A significant part of the correspondence deals with a problem, transport, that plagued the operations throughout.
Shipping and Railway
The town’s biggest drawback was that it had limited railway connections to the rest of India and no harbor. In the 1880s, British firms in the area, albeit a weak lobby, persuaded the two governments, India and Travancore, to invest in a line. In 1904, a meter-gauge railway started operating between Quilon and Madras. It was built by the South Indian Railway Company, the Travancore State, and the Madras Presidency to support businesses. Curiously, the line appeared rarely in company documents. Quilon, rather than Madras, was used for transhipment. Whether this was due to the small capacity of the line or the proximity of the Quilon port, it is not easy to say. A second port, Tuticorin, on the east coast, was closer to Quilon, but again, without a direct rail link, the two ports did little in terms of export trade business. Business towns on the west coast—Cochin, Alleppey, and Calicut—needed to maintain close contact. Not until much later would a coastal railway line connecting the three be fully functional. The coastal railway was built gradually, with the key sections finished after 1950.

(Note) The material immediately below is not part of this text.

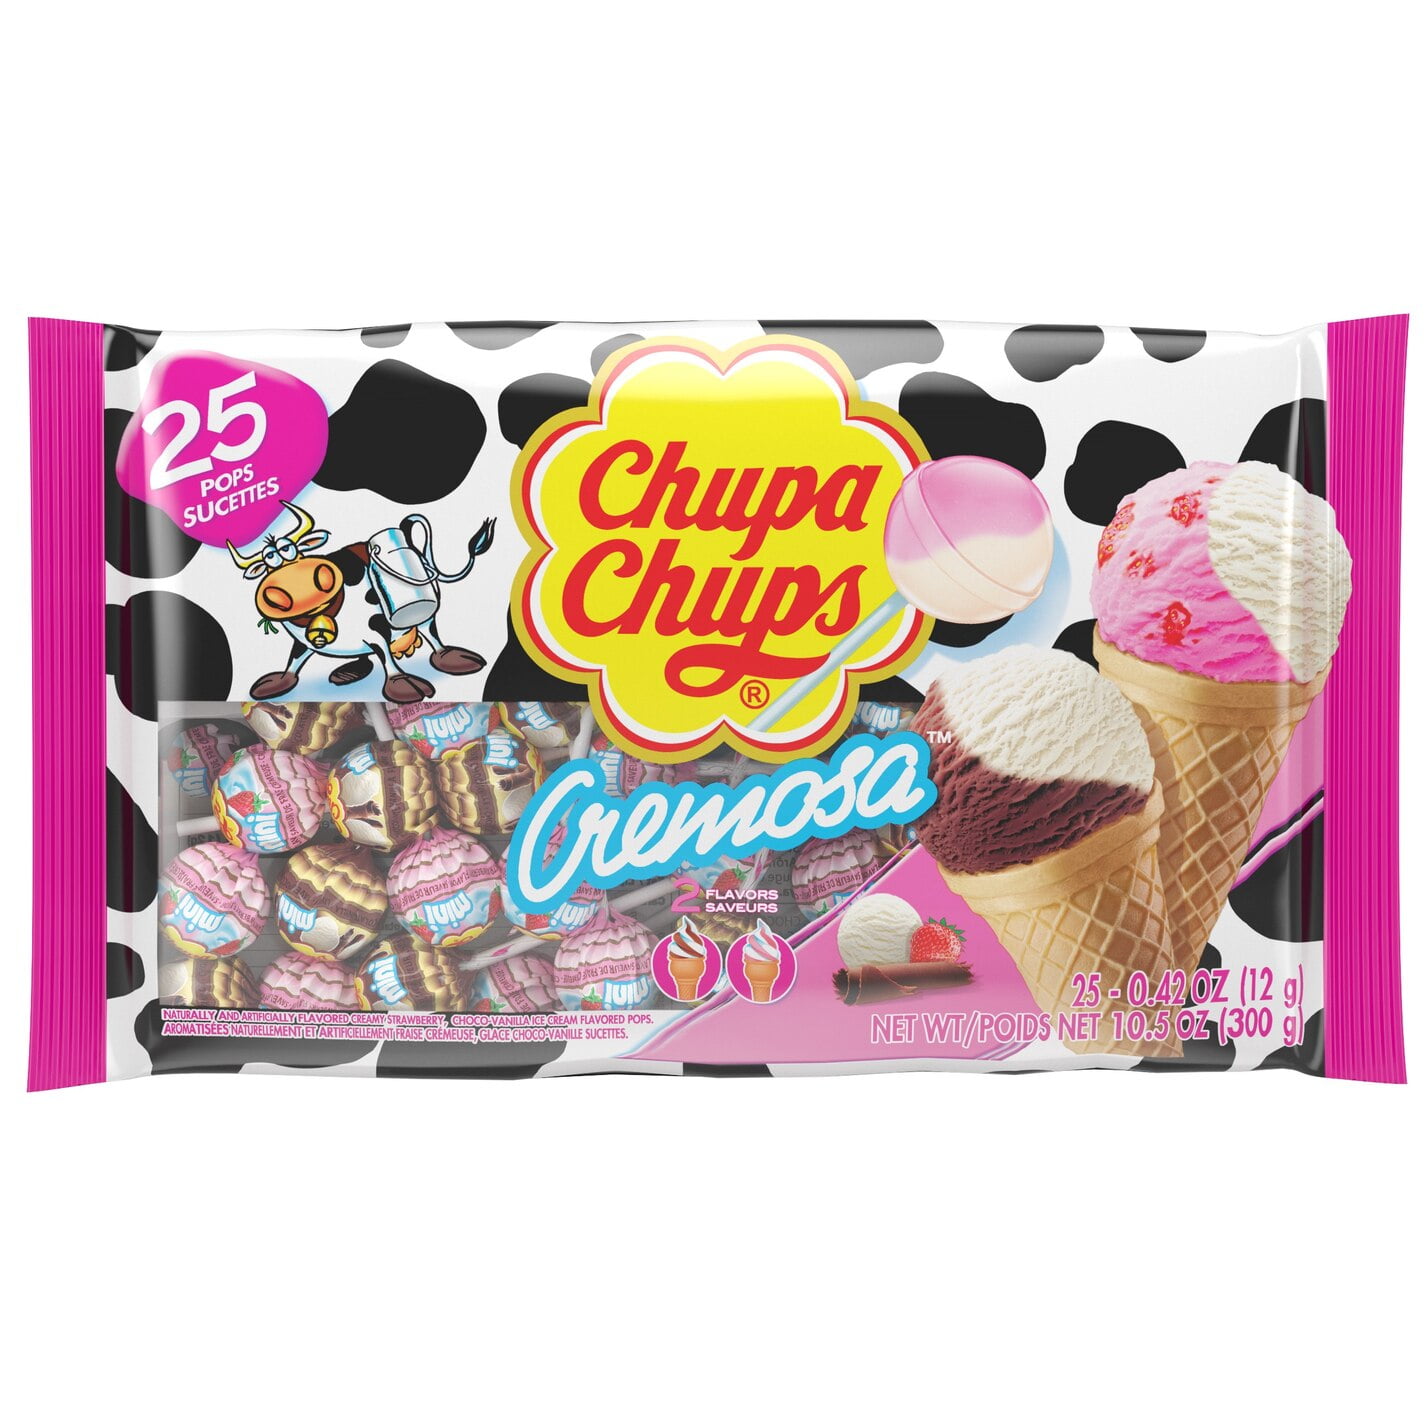 Chupa Chups All Flavors

A connection with the east coast mattered in crucial ways, however. The west coast had fertile paddy land but did not make enough rice for local consumption. Backwater clay made this place a natural choice for tile making, but there was no energy source on the west coast. The tile factory required a substantial amount of coal. Despite good clay, the tile industry suffered from a lack of access to coal or wood to fire the kilns. Coal was expensive because there was no railway link between the pit heads in Madras and the industry site. During World War I, as coal became more expensive, the Madras railways increased their use of wood, resulting in the rapid depletion of easily accessible timber in the Travancore state.Footnote 36 Coal shortage persisted in the interwar years. Not surprisingly, this business was one of the first units to close after World War II.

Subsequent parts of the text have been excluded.